Fine-tuning + PEFT
Phase 45 of /root Year 5: parameter-efficient fine-tuning. LoRA, QLoRA, instruction tuning, DPO basics. K8s-native: KubeRay-distributed fine-tune jobs tracked in MLflow. 6-8 weeks, ~60-80 hours.
Seventh phase of Year 5. Customizing models without breaking the bank. 6-8 weeks, ~60-80 hrs.
Full fine-tuning of a large model requires datacenter compute. Parameter-Efficient Fine-Tuning (PEFT) — LoRA, QLoRA — updates only ~1% of weights via low-rank adapters, making fine-tuning practical on consumer GPUs. By phase end you’ve fine-tuned at least one open-weights model on a small task, tracked the run in MLflow, served the fine-tuned variant alongside the base via KServe.
This phase makes you operationally fluent at fine-tuning.

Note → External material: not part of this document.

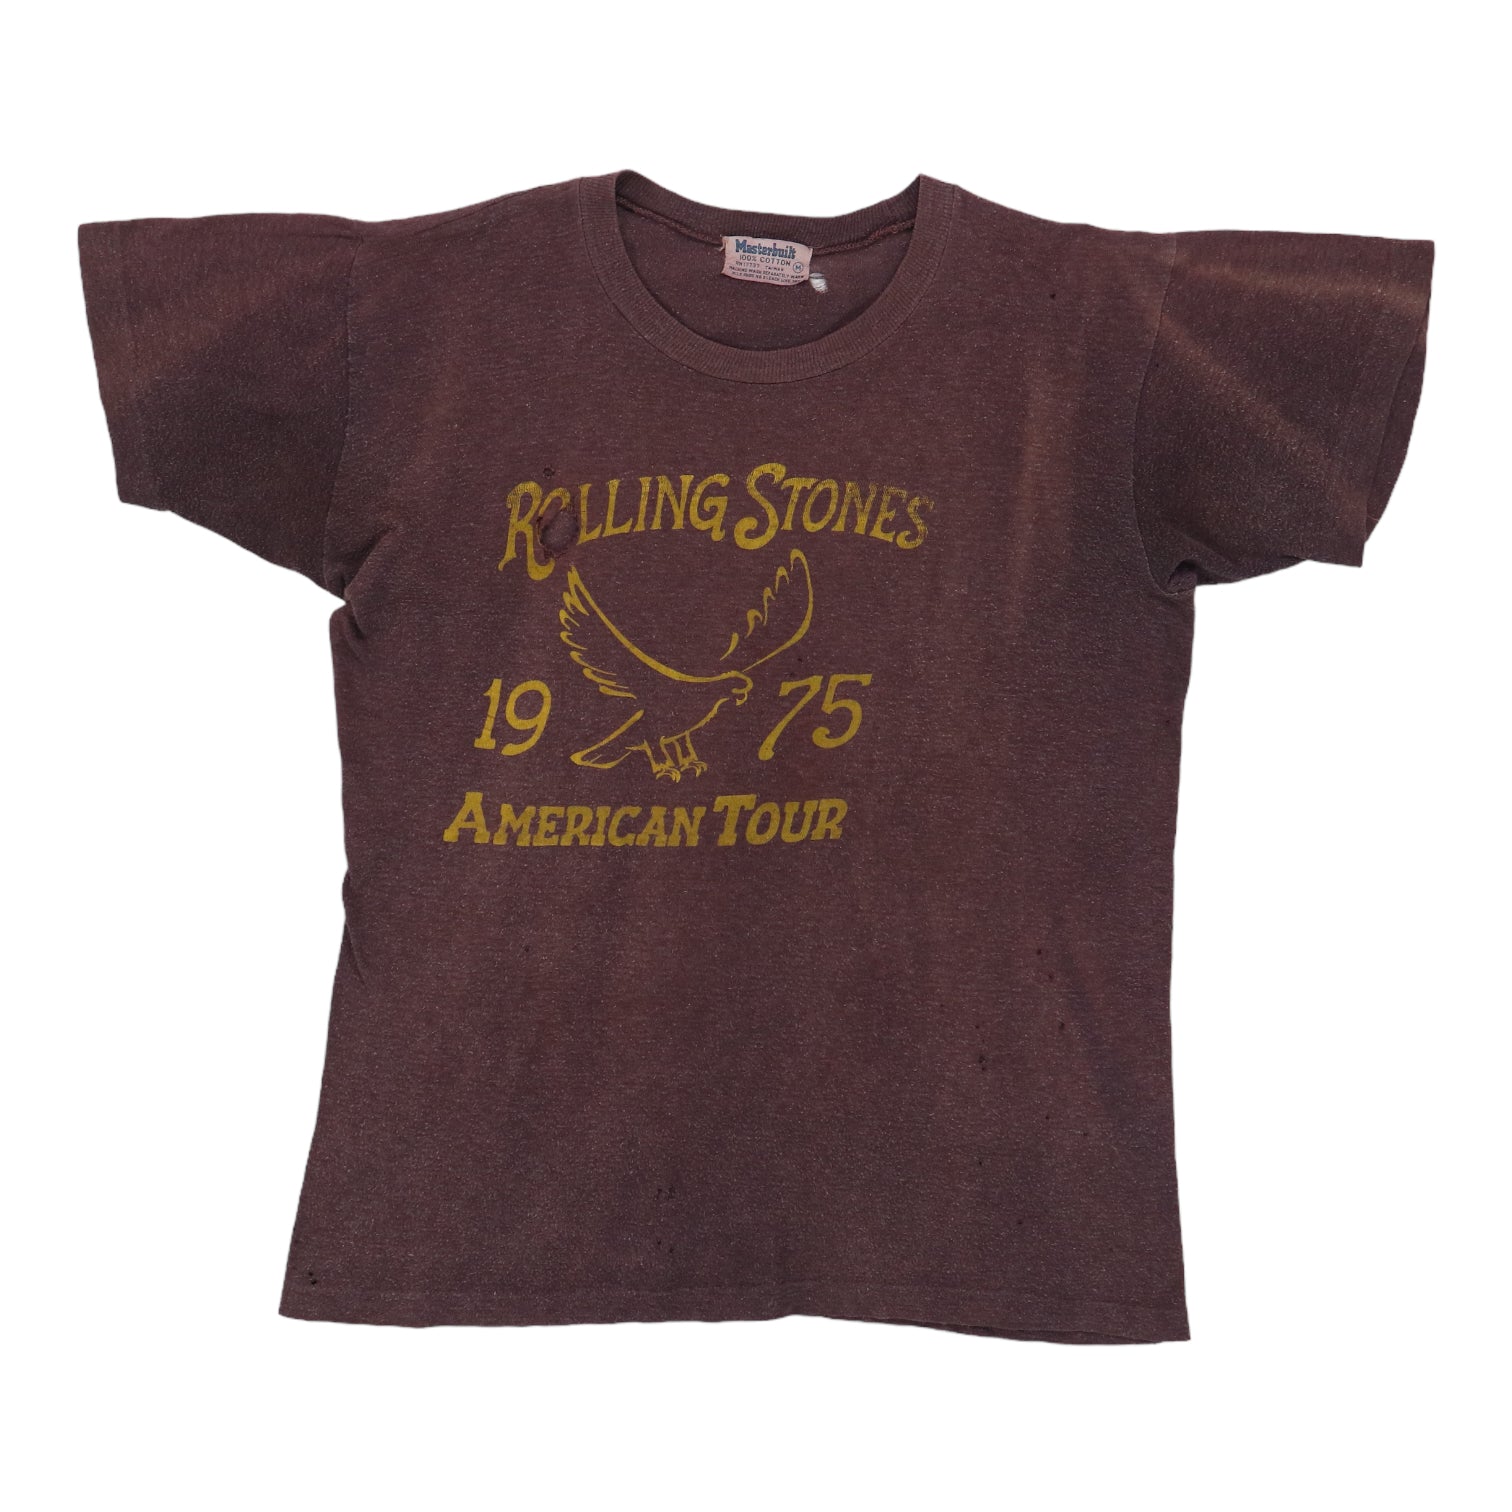 1975 Rolling Stones Tour Of The Americas Shirt – WyCo Vintage
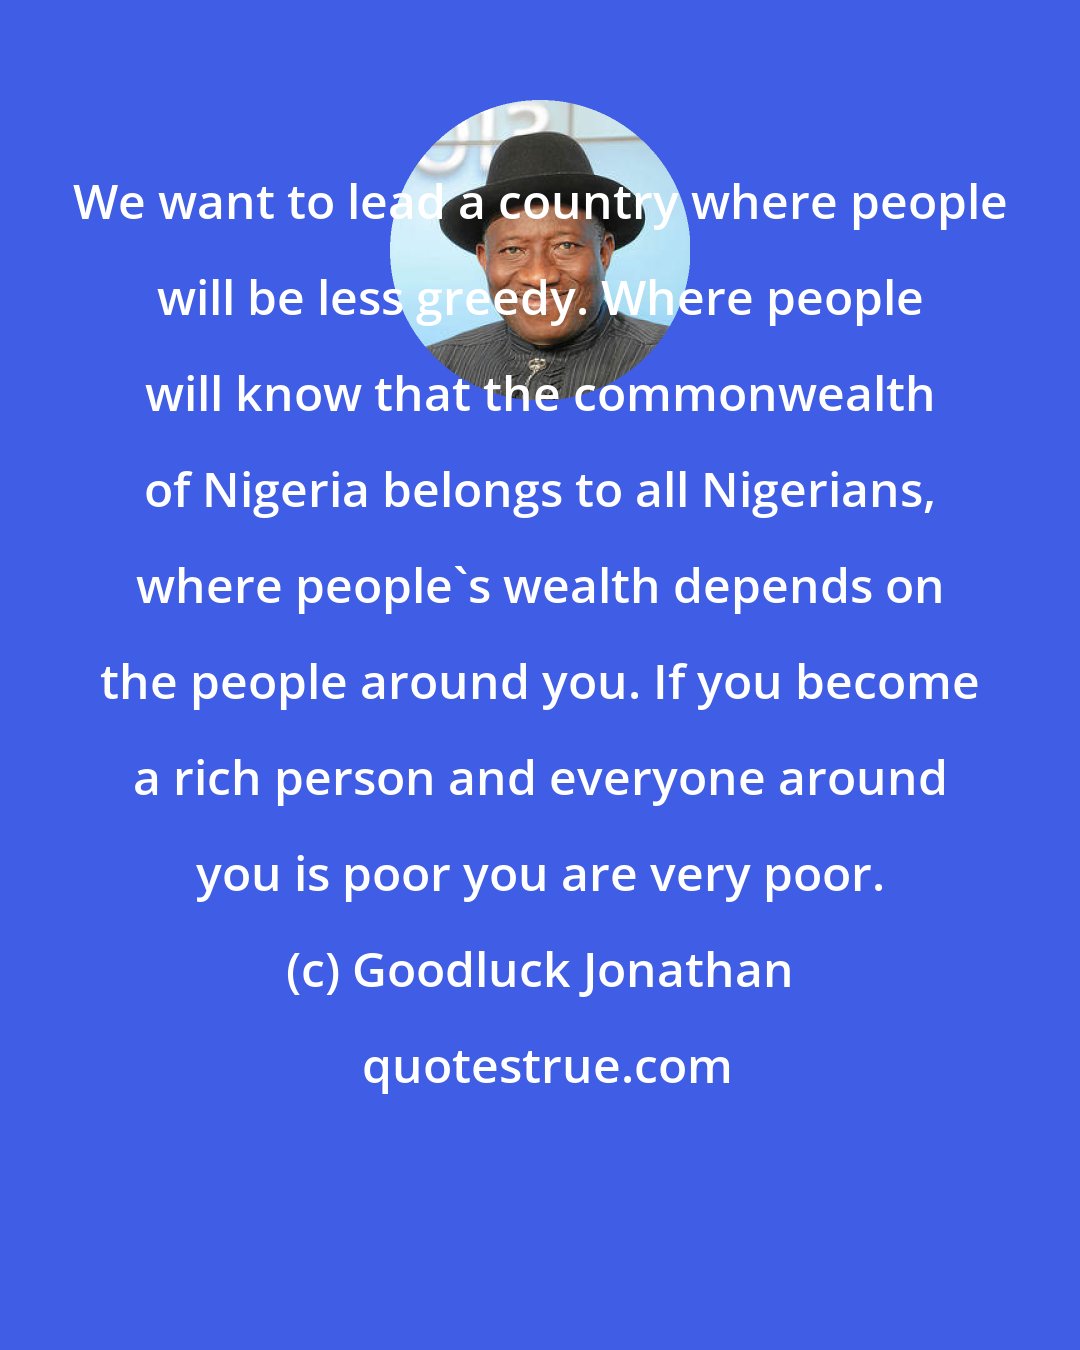 Goodluck Jonathan: We want to lead a country where people will be less greedy. Where people will know that the commonwealth of Nigeria belongs to all Nigerians, where people's wealth depends on the people around you. If you become a rich person and everyone around you is poor you are very poor.

The patterns transfer to instruction tuning, DPO (Direct Preference Optimization), and the next-generation alignment techniques.
Prerequisites
- Phase 44 complete; inference optimization fluency
- GPU available (24GB ideal; 16GB workable for QLoRA on smaller models)
- 12 hrs/week budget reserved
Why this phase exists
In 2026 fine-tuning is the practical adaptation mechanism for production LLM applications. Few teams pre-train; many fine-tune. The patterns (LoRA, instruction tuning, DPO) are dominant. This phase installs them at production depth.
The pattern-first frame
Same eight steps.
1. PROBLEM
You have an open-weights base model. You want it to behave differently — answer in your company’s voice, follow a specific task format, refuse certain categories, adopt domain expertise. Fine-tuning adjusts the model. Full fine-tuning costs too much; PEFT makes it tractable.
2. PRINCIPLES
2.1 LoRA — low-rank adaptation
Instead of updating all weights, train small low-rank matrices that “shift” the original weights. Typical: ~1% of total parameters. Quality usually close to full fine-tune.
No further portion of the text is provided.